## INPUT DATA

⁂

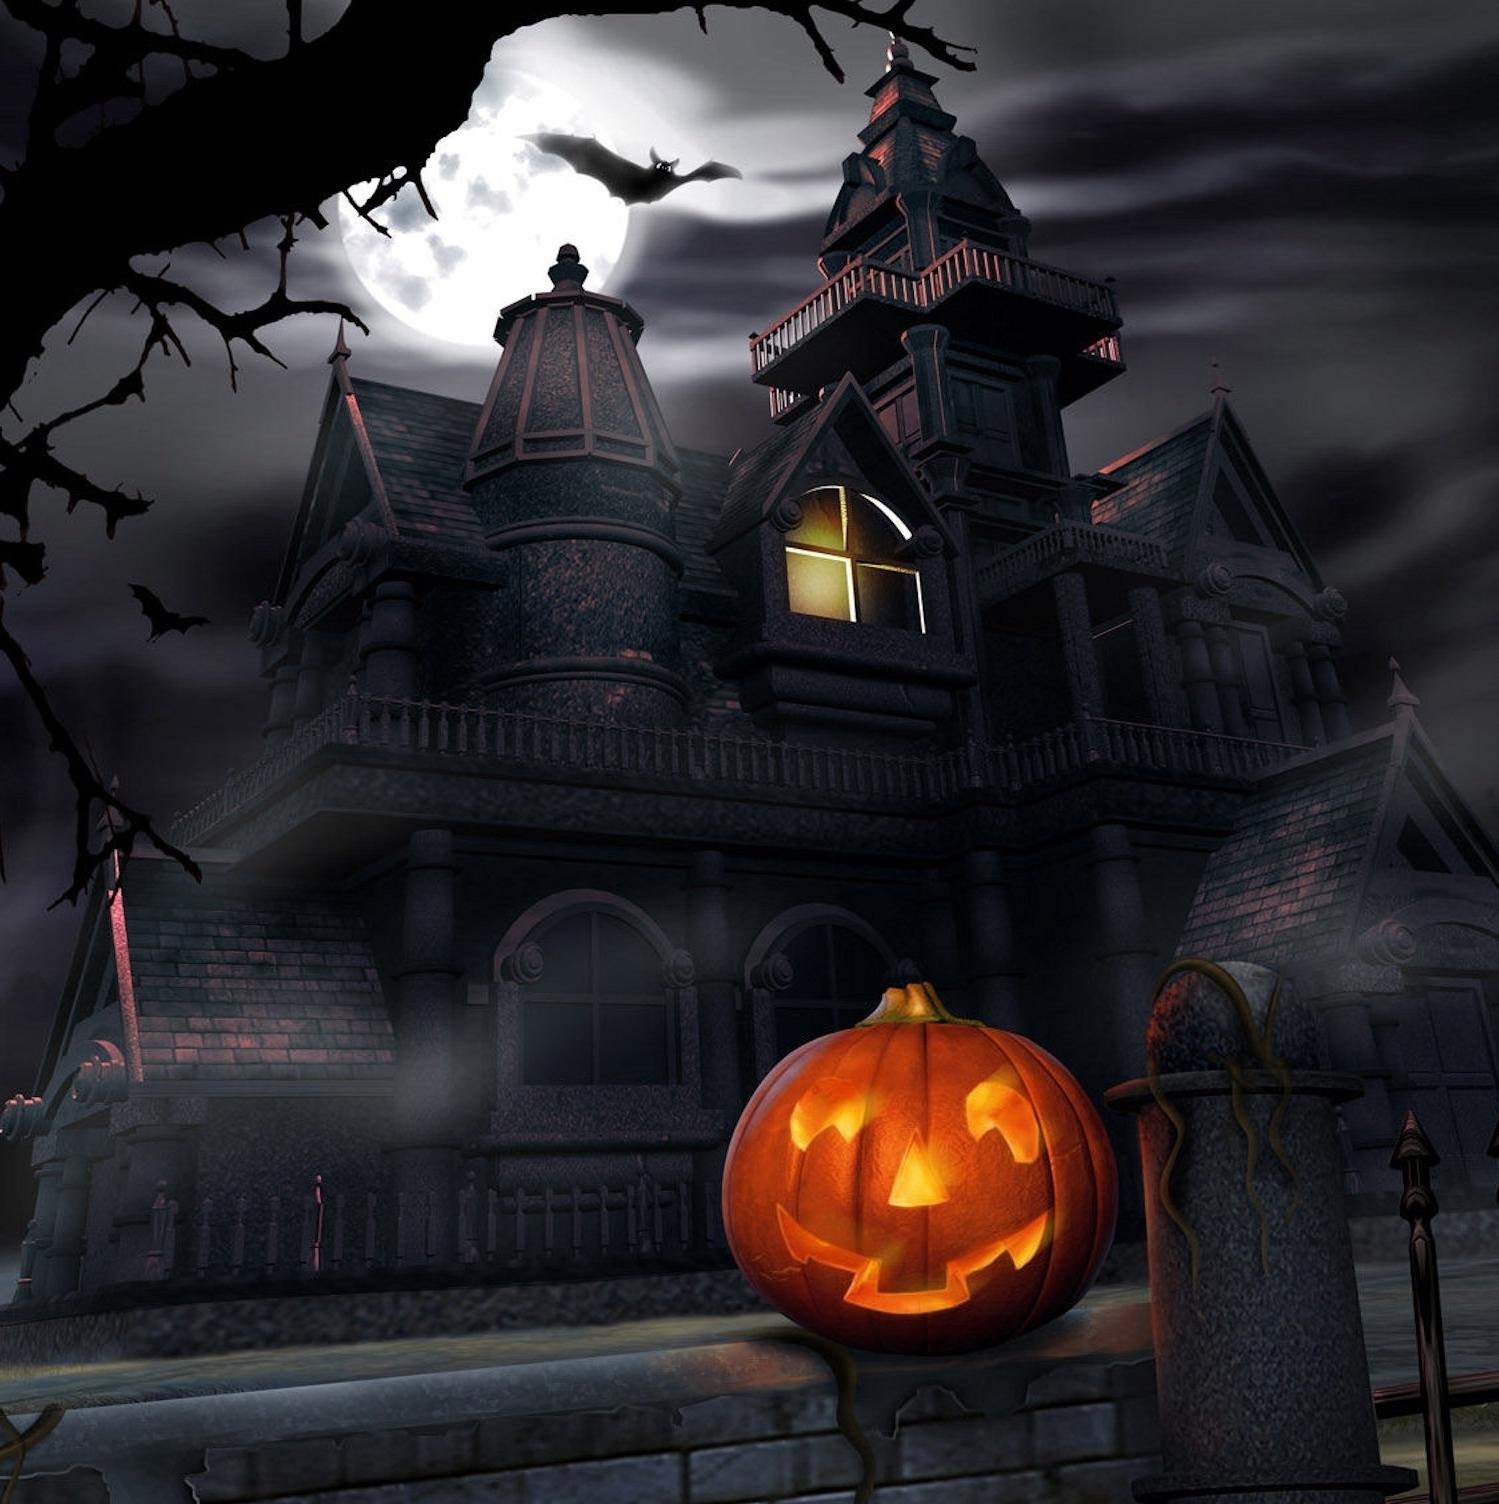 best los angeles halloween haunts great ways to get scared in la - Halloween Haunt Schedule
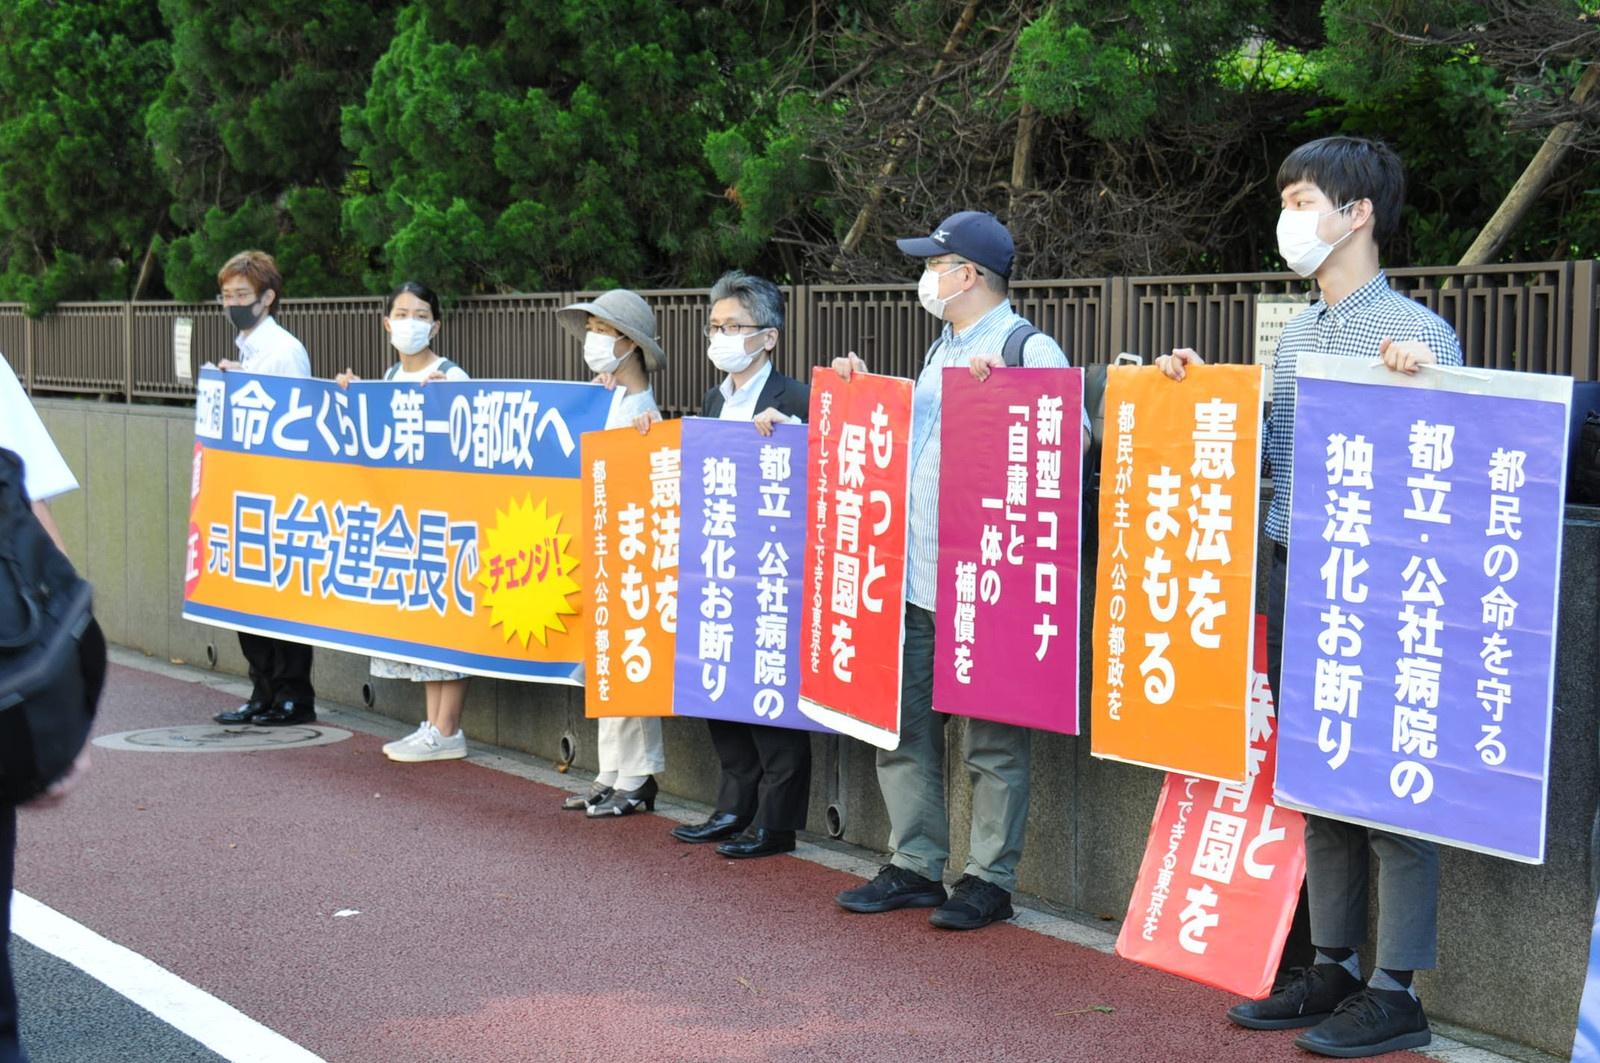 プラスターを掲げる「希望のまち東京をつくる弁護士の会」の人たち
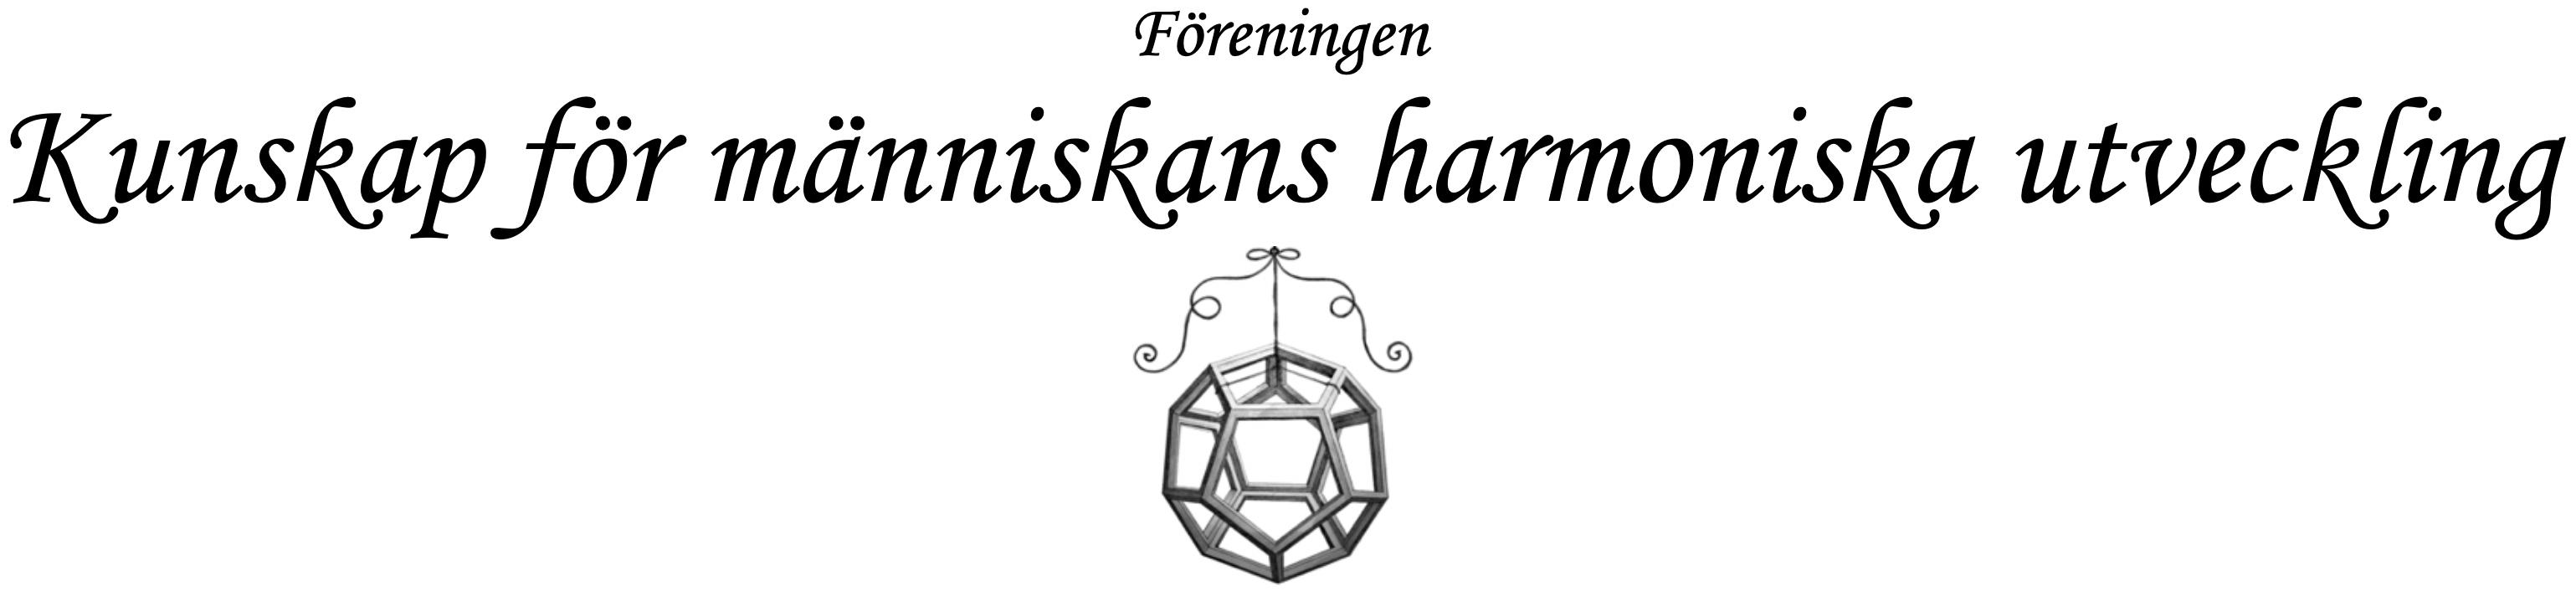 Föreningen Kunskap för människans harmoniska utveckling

⁂

## WHAT THIS TASK INVOLVES
Retype all of the material above exactly; the pictures stay out.

## OUTPUT FOR THIS EXERCISE
 best los angeles halloween haunts great ways to get scared in la - Halloween Haunt Schedule
 プラスターを掲げる「希望のまち東京をつくる弁護士の会」の人たち
 Föreningen Kunskap för människans harmoniska utveckling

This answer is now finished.